A year of extreme weather events

Useful but hard-to-face list published today in the Guardian:

A year of US disasters – 2011 so far

• Hurricane Irene, August 20-29. Over $7bn and around 50 deaths.

• Upper Midwest flooding. The Missouri and Souris rivers overflowed in Montana, North Dakota, South Dakota, Nebraska, Iowa, Kansas and Missouri. Damages: $2bn.

• Mississippi river flooding, spring and summer. Damages neared $4bn.

• Drought and heatwave in Texas, Oklahoma. Over $5bn.

• Tornadoes in midwest and south-east in May kill 177 and cost more than $7bn in losses.

• Tornadoes in the Ohio Valley, south-east and midwest on April devastate the city of Tuscaloosa, kill 32 and cause more than $9bn in damages.
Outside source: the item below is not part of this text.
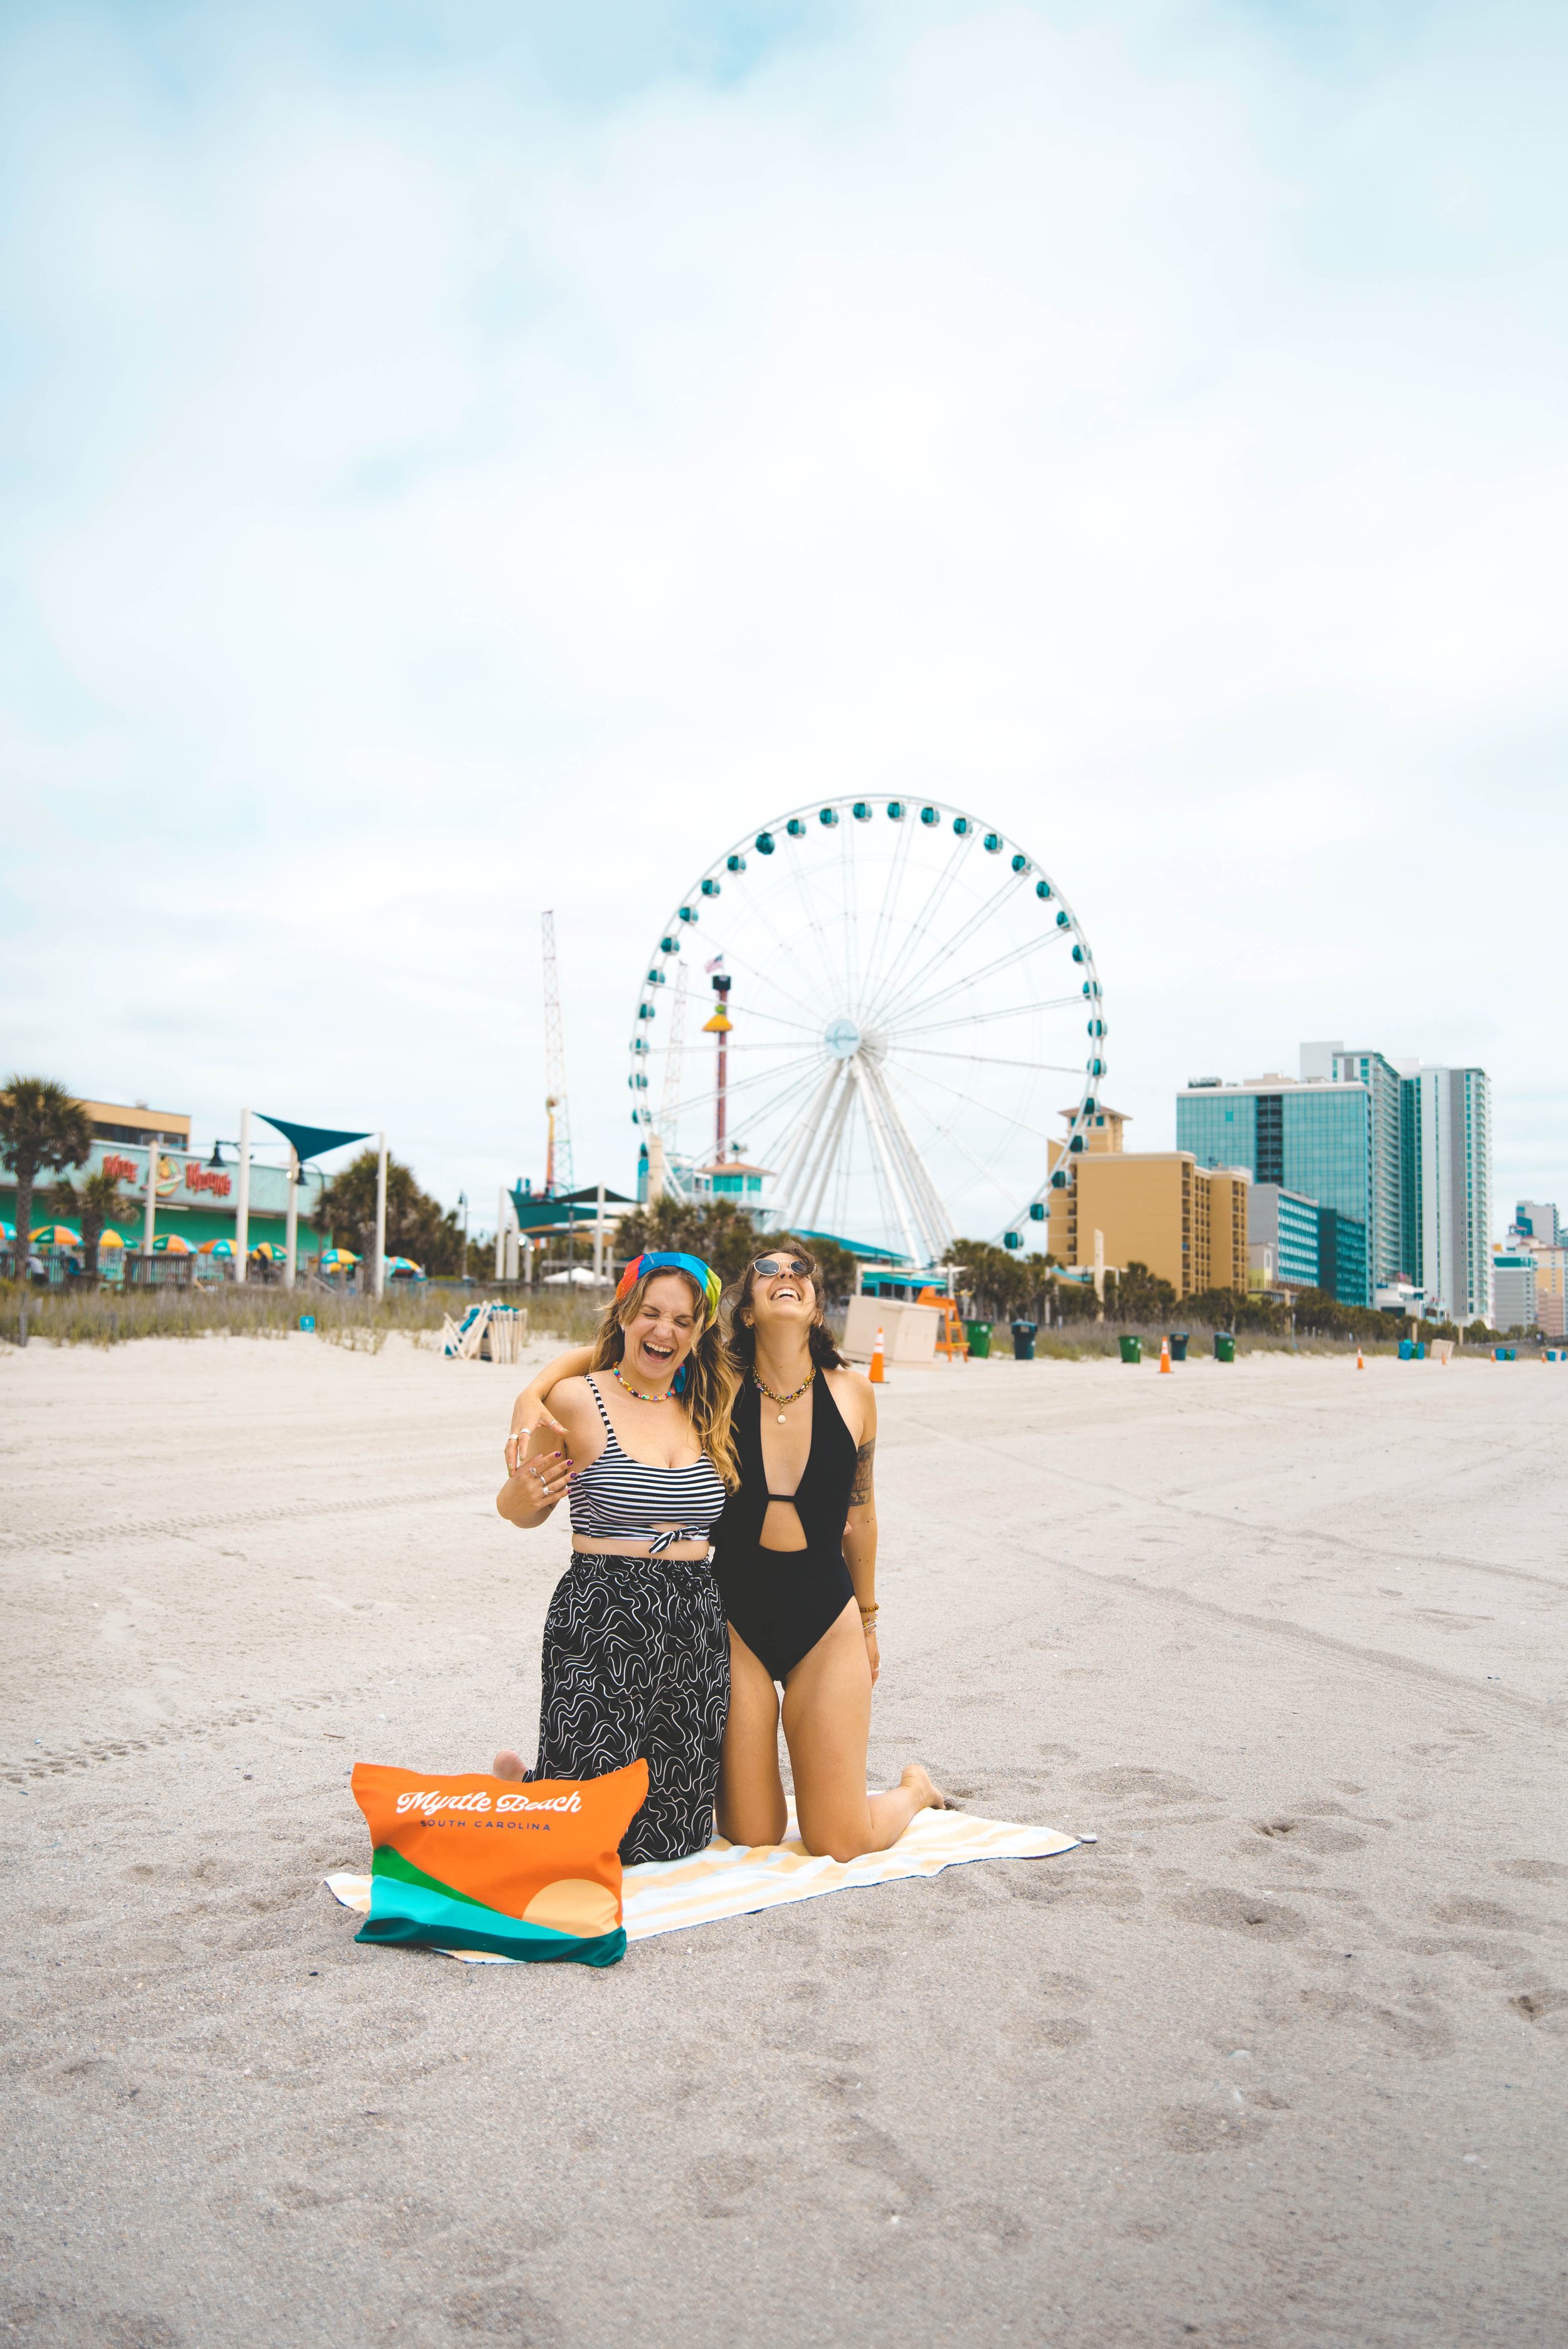 Top 10 Things to do in Myrtle Beach! — 27 Travels

• Tornadoes hit from Oklahoma to Pennsylvania 14–16 April. Toll: $2bn in damages.

• 59 tornadoes in midwest and north-east April 8-11. Damages: $2.2bn.

• 46 tornadoes in central and southern states 4 and 5 April. Toll: $2.3bn in damages.

• Blizzard late January paralyse cities from Chicago to the north-east. Toll: 36 deaths and more than $2bn in damages.

Of course, all this was carefully predicted. See the table on page eight of the 2007 IPPC FAR Summary for Policymakers.


And the 2006 Stern Review stated that we should invest about 1% of GDP per annum now in measures to control emissions to avoid much larger GDP reductions of 5 to 20 percent per annum later in the century.

How much longer before we all come to our senses?